May be possible in future version of
trap and ingnore
javax.naming.PartialResultException ?
or read again "java.naming.referral" property and if set to "ignore" not re-throw.
Milan Divilek
Hello Lorenzo,
The problem is that Active Directory does not support the Manage Referral control.
How you can see at http://docs.oracle.com/javase/jndi/tutorial/ldap/referral/jndi.html
"When the LDAP service provider receives a referral despite your having set Context.REFERRAL to "ignore", it will throw a PartialResultException to indicate that more results might be forthcoming if the referral is followed. In this case, the server does not support the Manage Referral control and is supporting referral updates in some other way."
"Windows Active Directory: Because Active Directory does not support the Manage Referral control, none of the examples in this lesson will work against Active Directory."
We decided to solve issue by adding new configuration property allowPartialResults (Configuration-modules/ldap/config/allowPartialResults) MGNLLDAP-39.When property is set to true then hasMoreElements() and nextElement() methods are used. If property is set to false then hasMore() and next() are used.
@hasMore() and @next() methods throws javax.naming.NamingException so also PartialResultException.
@hasMoreElements() and @nextElement() doesn't throw this exception
Fix is part of Magnolia LDAP module 1.6.1.
Andrea Castelli
Is it necessary to mark the password as reversible in Active Directory to work?
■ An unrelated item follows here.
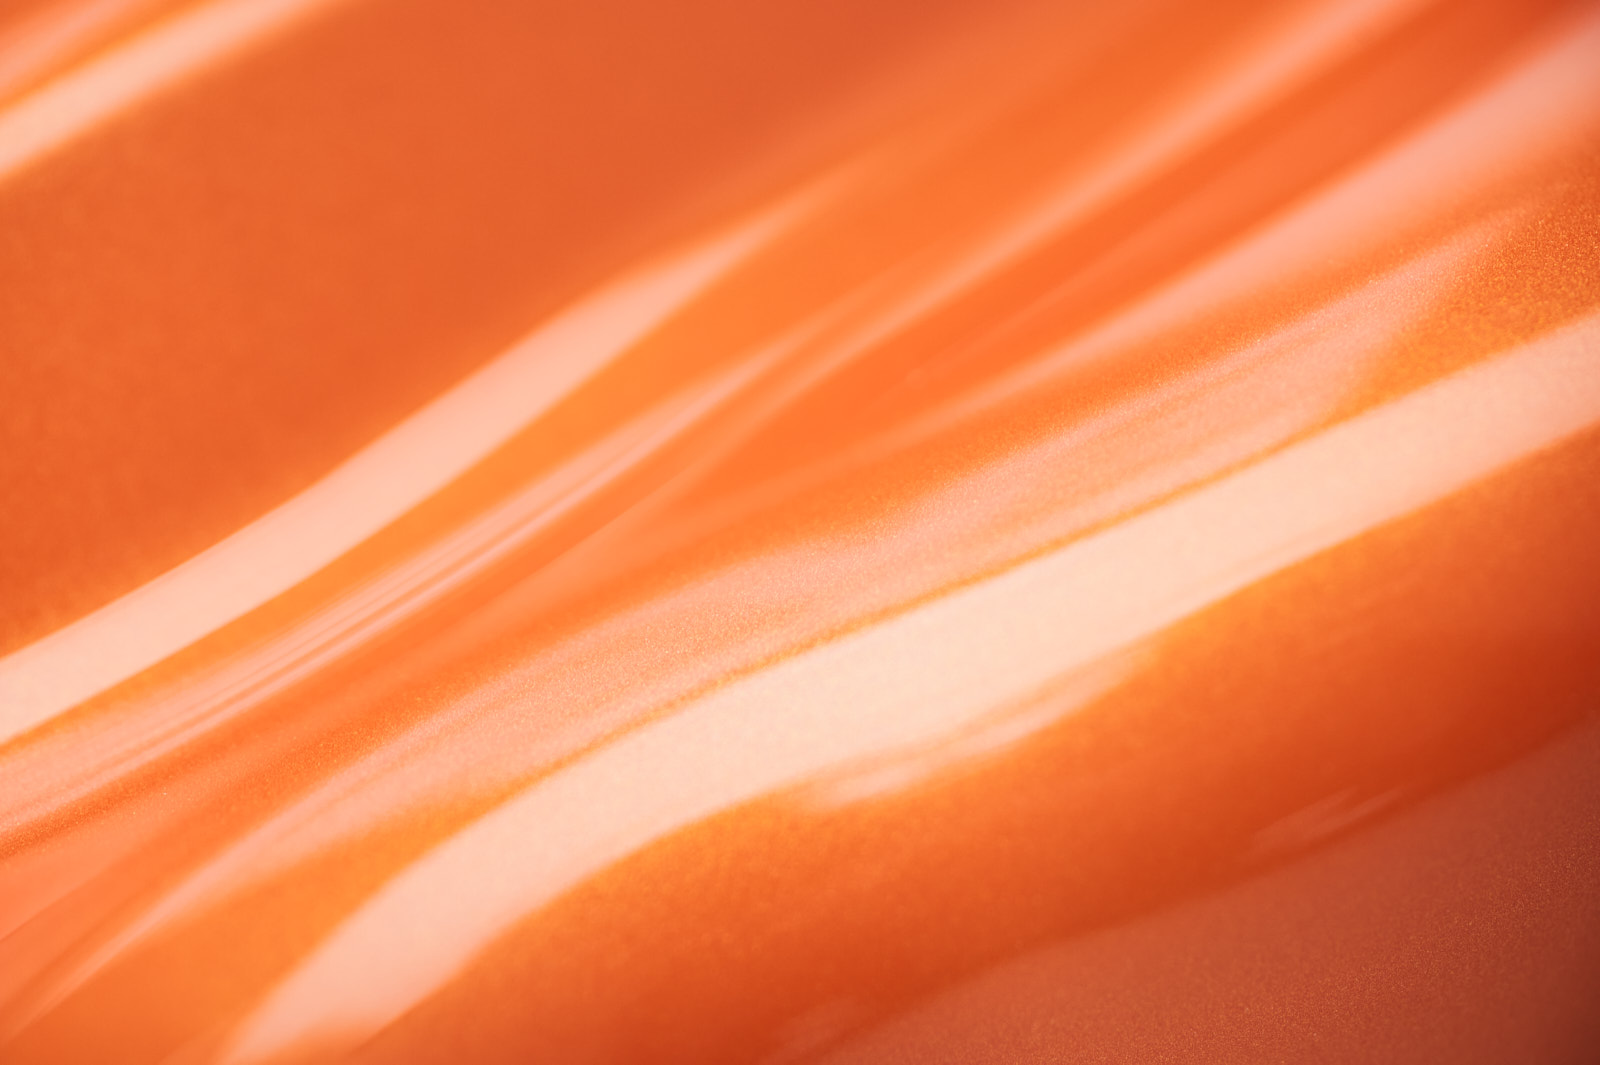 Detailaufnahme der Lichtreklektion in einer orange lackierten Oberfläche
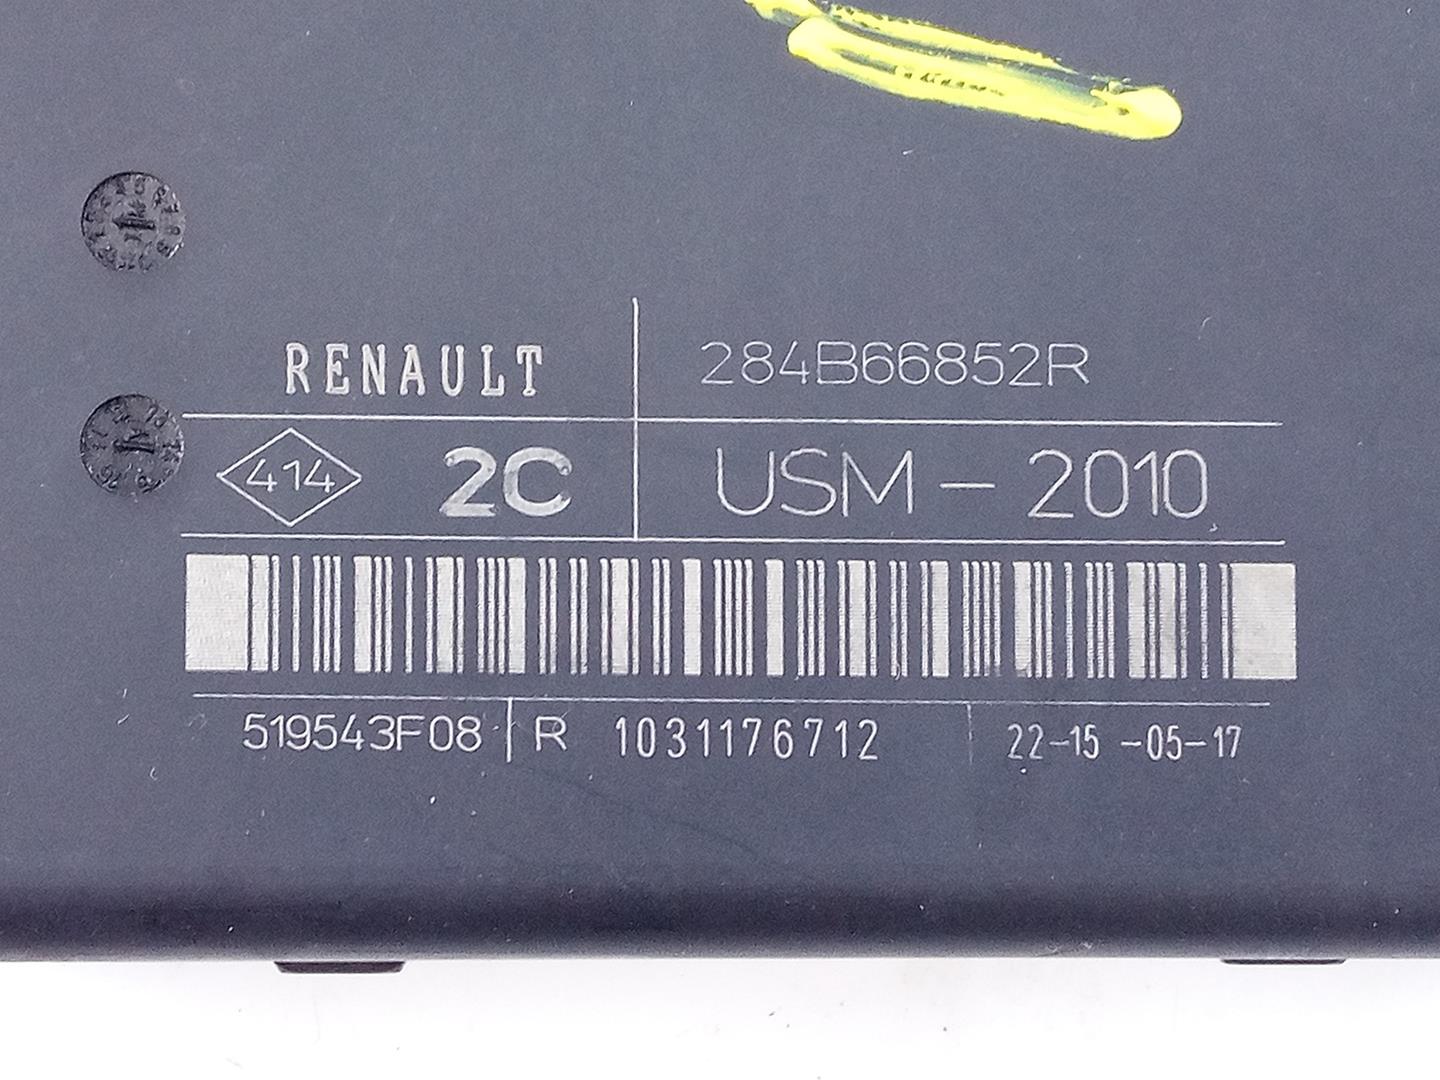 RENAULT C7/4G (2010-2020) Fuse Box 284B66852R, E2-A3-13-1 23296022

Why kerberos is not supported?
In ad.properties there is the following comment:
##########################################################################
# Password encryption type
# values supported by sun service provider:
# none
# simple (plain text)
# DIGEST-MD5
# **EXTERNAL
# **GSSAPI (Kerberos V5)
# ** Not yet supported by magnolia LDAP login module
##########################################################################
The method that does the authentication is:
DirContext dirContext = new javax.naming.directory.InitialDirContext.InitialDirContext.InitialDirContext(env);
log.debug("Login succeeded.");
which uses java based mechanism defined in http://docs.oracle.com/javase/tutorial/jndi/ldap/sasl.html ?
So it seems to support kerberos. Why can't do that?
Milan Divilek
There should not be necessary to use reversible password in Active Directory. Magnolia LDAP module itself doesn't need decrypt password from ldap context.
As you pointed, LDAP module use javax.naming.directory.InitialDirContext for authentication of user. So all mechanisms defined in http://docs.oracle.com/javase/tutorial/jndi/ldap/sasl.html should be supported.
It is reminiscent from an earlier version of the ldap module and it should be removed from sample ad.properties file. In past custom MagnoliaEncryptionHandlers were used for user authentication.